Clubs Clay County Junior Leaders

The Clay County Junior Leaders met May 16 at 12:30 p.m. at the 4-H grounds. We constructed and painted a Junior Leader booth for the Clay County Fair. Several workers will be in the stand to offer help for the fair and to explain to people what 4-H is and how to get involved. We also signed up for projects we would like to work for with entering exhibits. Lunch was served by the Clay County Fair Board.

Leslie Larson, Reporter

Senior Citizens Center

The card party Wednesday, May 19 had 11 pitch, eight pinochle, two skip-bo and 17 bridge players.

Bridge prizes went to: Maurice Erickson, high; Jim Prosser, second; Marlys Miller, third; Ernie Miller, blind bogie, and Veronica Heimes, low.

Refreshments were furnished by the Senior Citizens Center.

Vermillion Rotary Club

Clay County Commissioner Gerald Sommervold briefed members of the Vermillion Rotary Club Tuesday on challenges ahead in the Vermillion River basin.

As the county's representative to the river's basin authority, Sommervold said it will take a long term program to achieve a unified plan for improvements in the river valley to protect Clay County from periodic flooding from the north.

A major problem area, Sommervold reported, is Lake Thompson in Kingsbury County. Once a slough and now the second largest natural lake in the state, Lake Thompson's water level needs to be lowered periodically. Clay County would be better off if this were done in the fall when water levels in the Vermillion River are historically low, rather than in the spring when water from the Lake Thompson basin would only add to periodic flooding all the way south to Vermillion. Competing interests in Kingsbury County will need to be dealt with first.

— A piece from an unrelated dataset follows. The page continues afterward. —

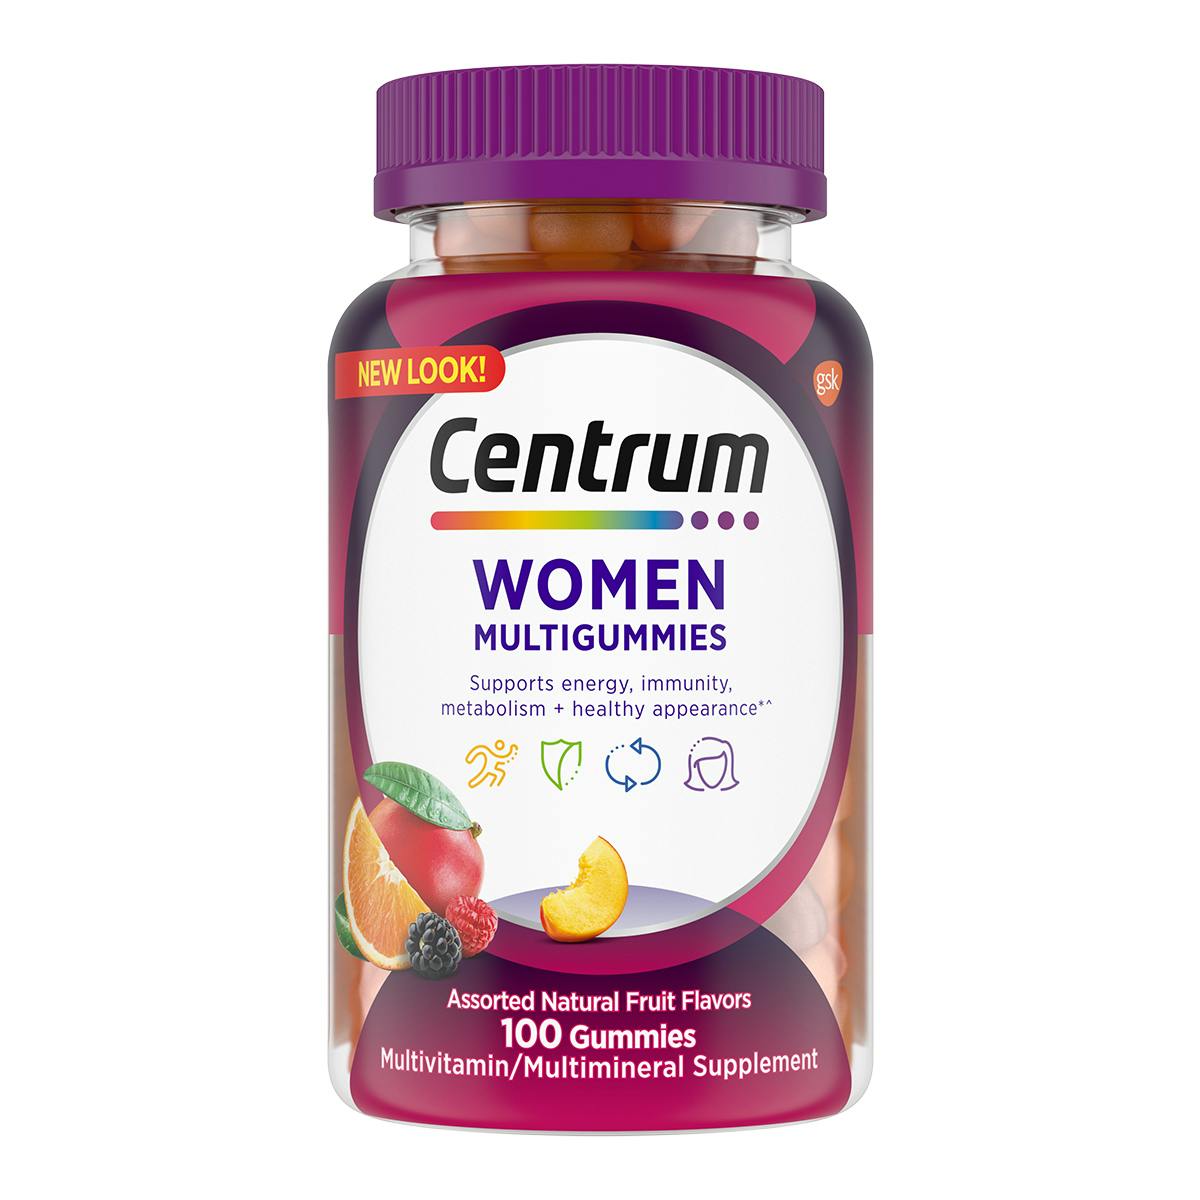 Bottle of Centrum MultiGummies Women vitamins
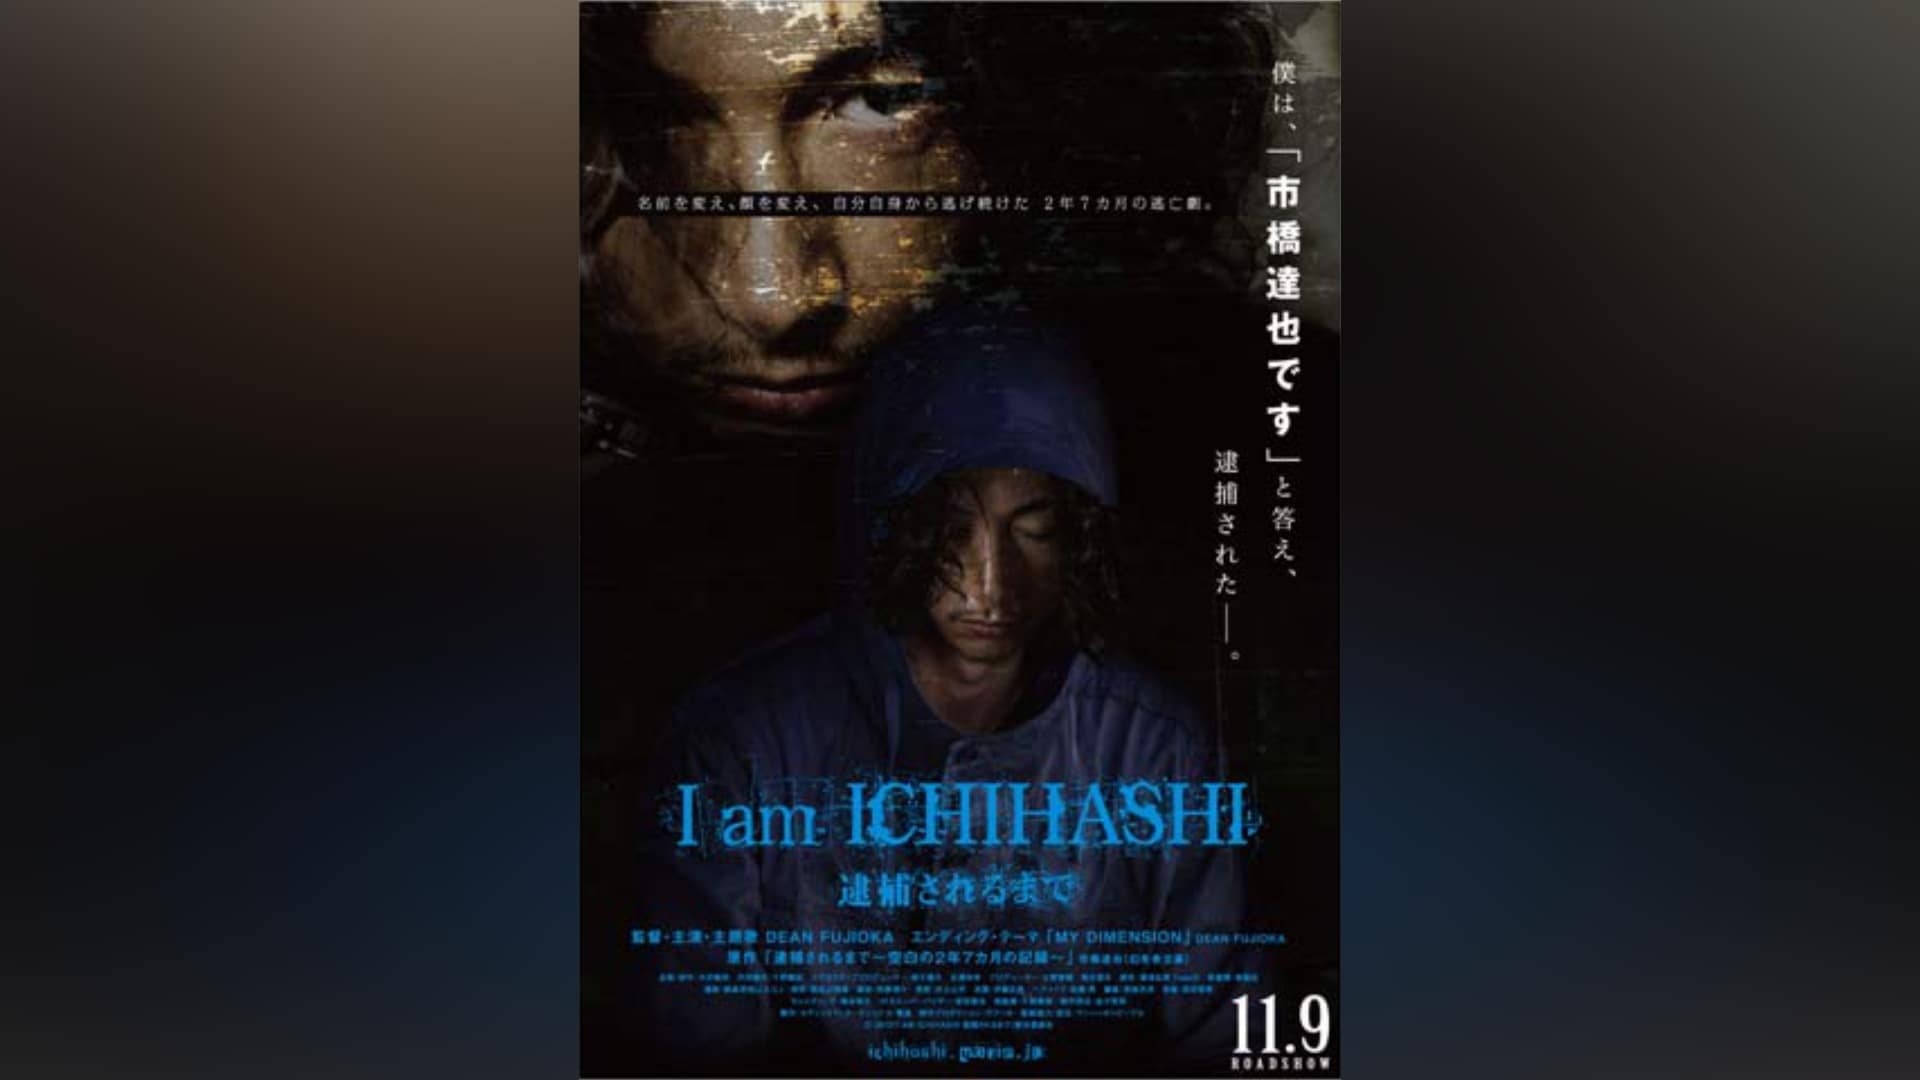 I am ICHIHASHI 逮捕されるまで [DVD] 9jupf8b

According to Sommervold, other projected solutions to be addressed are the construction of small retention dams, restoration of wetlands and river channel cleanup. Government "red tape" is often a deterrent to quick action of these fronts, he concluded.

Vermillion Lions Club

The Vermillion Lions Club met Thursday, May 20, at the VFW club rooms. Lion Art Rusch presided and announced the summer schedule. The regular June meetings will be on June 3 and June 17. The annual picnic and installation of new officers will be on July 15 at Prentis Park.

Reports on club donations were $500 to the W.H. Over Museum and $100 for the Summer Arts Festival. Jana Prasek and Justin Griffith were named as recipients of $250 scholarships.

Jack Doyle announced that Spring Pancake Days had netted over $2,800.

Curt Schempp, membership chairman, led a discussion of the club evaluation. Membership has now reached 82 members and 40 to 45 percent average attendance is being achieved. Members discussed further improvements in club programs and activities to reach a "very healthy" rating.

Union County Historical Society

The Union County Historical Society met at the museum May 17 with 26 people and "Sally" present.

Acquisitions for the month are: corn grader given by Clarence Burrell; a stenotype machine given by Rudy Albin; two boxes of books and magazines given by Gary Eslick; a history of the Eidem family by Darlyne Mikkelson; a peg and corn husking hook by Gale Robinson; hats by Eunice Jorgenson; a vacuum cleaner by Bob and Suzanne Murphy.

Elk Point has decided not to have a city celebration this year other than the Mountain Man weekend so the UCHS has made new plans for the hobby show which will be during North Sioux City Days on June 26 from 10 a.m. until 4 p.m. The senior center is air conditioned and there will be a lot of room so all who are interested, please bring your hobby down for display. You will be able to set up before 10 a.m. This event is for display and enjoyment but no sales.

The Society will still sponsor the photo contest and show at the museum in Elk Point in August. The five categories are: Kountry Kids, Amazing Animals, Rural Folks, Country Scenes and Open Class. Minimum size is 4 by 6 color or black and white. On the back of each photo should be name, address, telephone number and a brief description of the photo. The contest is open to everyone except the directors of the UCHS. Deadline is Aug. 1 for the photos to be turned in to the museum or sent to Box 552 at Elk Point. There will be three impartial judges and the prizes will be $10 and a membership to the society for each category. The photos will be on display at the museum in Elk Point during August.

Five members of the Society went to the Lewis and Clark planning event at Al's Oasis at Oacoma April 29.

Beth Rosenbaum presented the program. She told about the impressive relatives in her background and some of the keepsakes that she has been given her by her grandmother. Her paternal grandmother (Nana) was a relative of President Adams and her maternal great-grandfather invented Dr. Pepper. The 10, 2 and 4 on the Dr. Pepper was put there because the inventor thought one needed caffeine those three times a day! "Sally" is a beautiful 38-inch doll which had belonged to Nana and was given to Beth. This was a "fairy tale" true story.

June's program will be given by Harold Johnson of Akron, IA, about antique clocks and watches.